Да я уже готов был повалить ее и загнать ствол до самых яиц, а она... робкая стопроцентная девственница. И я в сотый раз мысленно чертыхнулся, что пришел к ней.

А потом, глядя на то, как Света, борясь с собой, расстегивает мои брюки, сам себя почувствовал девственником.

Я. СЕБЯ. ДЕВСТВЕННИКОМ!

Потому что очень сильно не хотел навредить ей, не хотел причинить этой девочке боль.

— Нет, не так. Иди ко мне на кровать.

Света послушно поднялась с пола, сделала короткий вдох и молча легла рядом.

Я снял с себя кобуру с пистолетом, встал с постели и положил оружие на подоконник. Стоял и смотрел на девичье восхитительное тело, не понимая, что именно, кроме дикого стояка, я сейчас испытываю. Но что-то определенно было.

Сначала я стянул с нее туфли, потом крохотные капроновые носочки. Я погладил ее пальчики и двинулся к розовым пяточкам.

— Щекотно, — фыркнула малышка и немного расслабилась.

«Так-то лучше, — подумал я про себя, но тут же добавил. — Глеб, кажется, ты теряешь хватку».

Я прекрасно понимал, что я не возбуждаю ее одним лишь своим присутствием, а переходить в наступление так сразу я не решался. Да она же, наверняка, сухая как пустыня Сахара. И если я вот так к ней полезу, сделаю еще хуже.

— Я хочу, чтобы ты себя поласкала. Покажи, как ты делаешь себе приятно.

Ее глаза расширились от удивления, щеки сразу же покраснели.

— То есть? — малышка присела, подтянув к себе ножки.

«Какая охрененная грудь, какой плоский животик...»

Я видел под кружевным бельем маленький светлый треугольник из коротеньких волосочков.

— Ты девственница, но ты же мастурбируешь.

— Ам-м-м... Но мы же так не договаривались, — в ее тоне сплелись стеснение и возмущение. Какая он все-таки милая!

— А ты думала, взрослые дяди в постели только членом тыкают? У нас тоже есть свои фетиши и желания. Поласкай себя.

Еще никогда я не видел такого искреннего смущения. У девочки от волнения губы вмиг пересохли.

Я скрипнул зубами, когда малышка осторожно отодвинула край трусиков и запустила в них руку.

— Я не могу.

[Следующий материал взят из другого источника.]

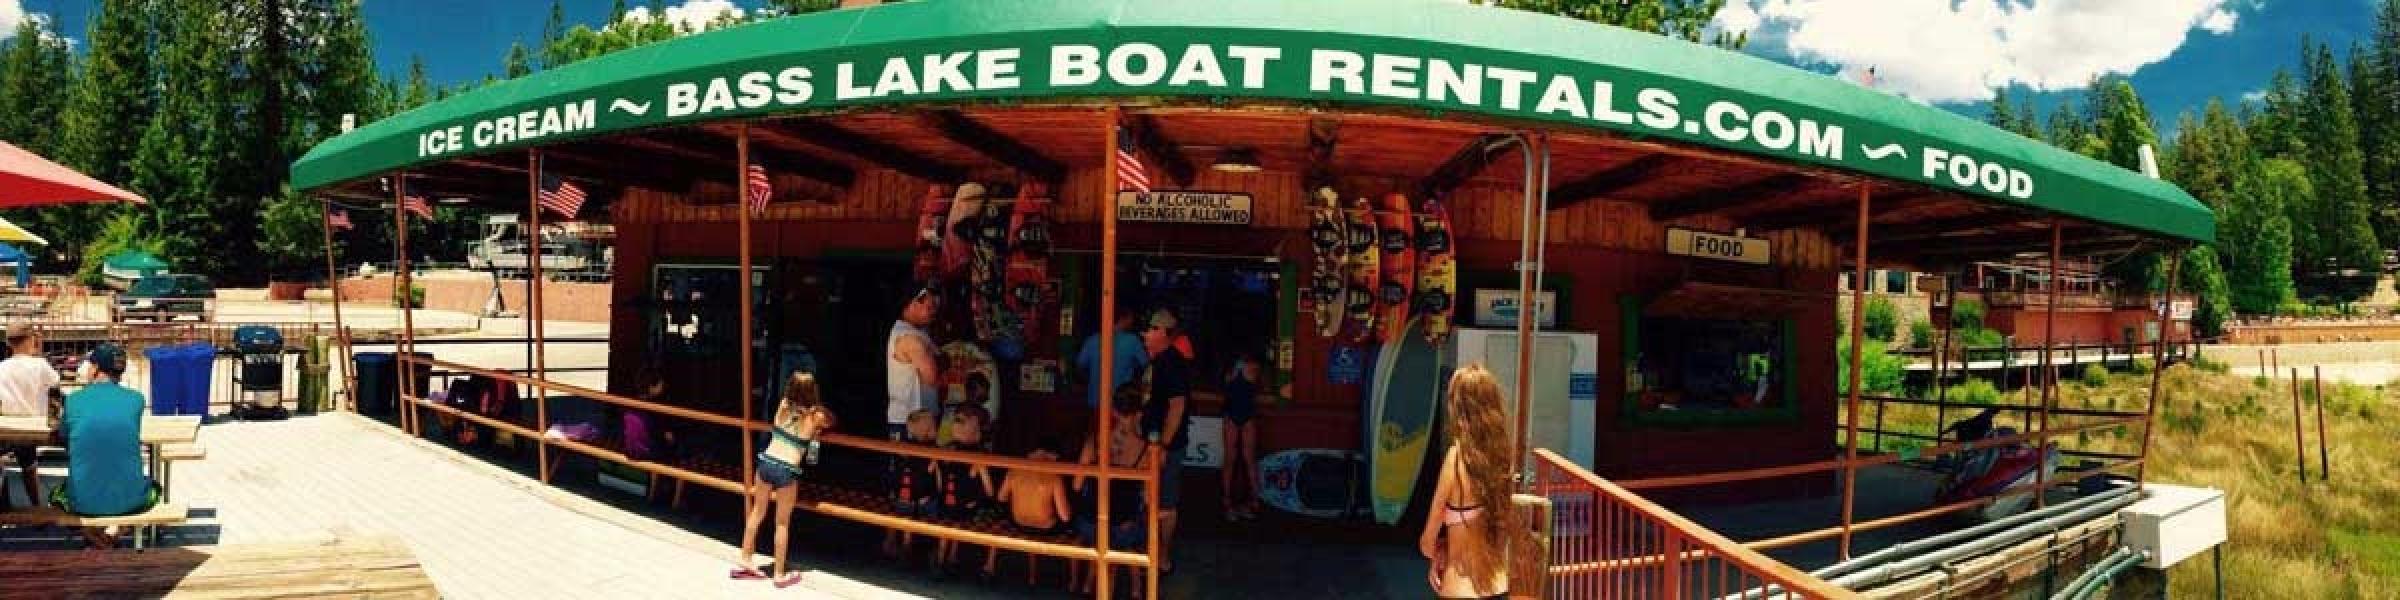 2015-fish-eye-view-bass-lake-ca-marina-watersports-slider

Мне стыдно, — она зажмурилась. — Просто возьми меня… сделай, что должен и давай с этим закончим.

«Как бы мне выдержать и не сорваться!»

Я очутился рядом в долю секунды, повалил Свету на спину, стянул кружево, раздвинул бедра и навис над ней.

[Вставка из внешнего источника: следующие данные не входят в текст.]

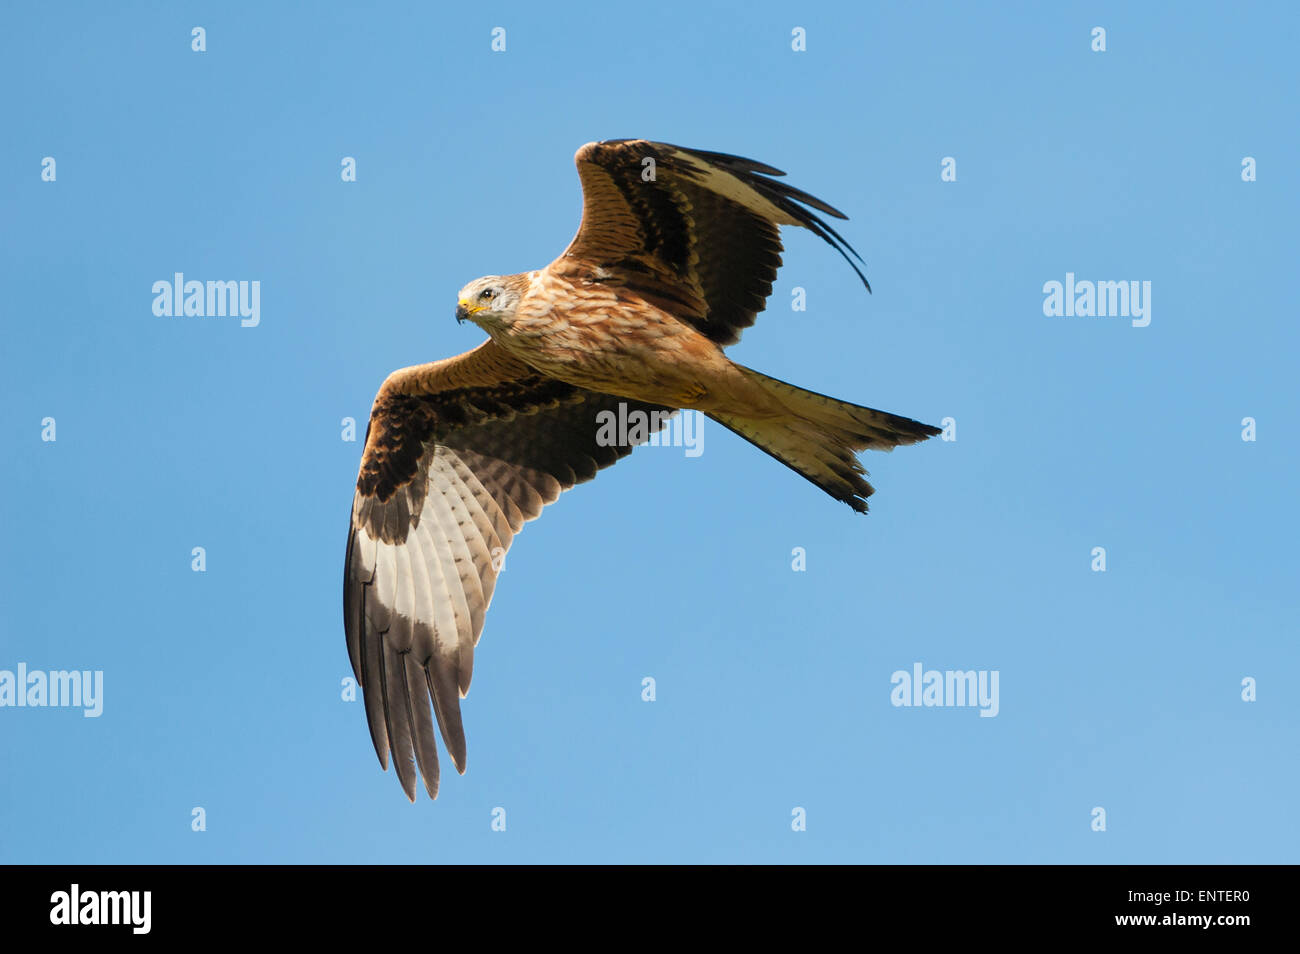 Red Kite (Milvus milvus) flying in Dumfries and Galloway, Scotland, UK - Stock Image

Ее ресницы «хлопнули», на мгновение скрыв от меня большие красивые глаза. Я взял ее руку в свою и потянул вниз.

— Покажи, как ты это делаешь...

Ее приоткрытый рот будто ждал только меня. Я накрыл его губами и страстно поцеловал, чувствуя, как смущение малышки понемногу отступает прочь, а пальчики под моей рукой начинают оживать.

— Да, так...

Света более раскованно двигала рукой, целовала меня в ответ и иногда открывала глаза. Я подмечал каждую перемену в них, видел, как мутнеет ее взгляд.

Я сжимал ее грудь и рычал. Мои пальцы, не церемонясь и не нежничая, теребили ее твердый сосок. И когда с ее губ сорвался стон, я понял — вот тот момент, которого я ждал. Пора.

Я отстранился, чтобы расстегнуть рубашку и избавиться от брюк, но не мог отвести от нее взор. Света ласкала себя пальчиками, ерзала попой по покрывалу и сильно сжимала свою грудь. Малышка была очень сильно возбуждена, и это должно было по максимуму притупить ее боль.

Из забытья ее выдернул мой телефон. Посмотрев на него, она затуманенным голосом произнесла:

— Семь-один.

Плохое предчувствие моментом отрезвило меня. Я замер, так и не расстегнув пуговицы до конца. Меня прошиб холодный пот.

Семь — номер здания, корпус — один. В клинике по этому адресу уже не один месяц лежал в коме мой друг. И только система жизнеобеспечения поддерживала в нем жизнь.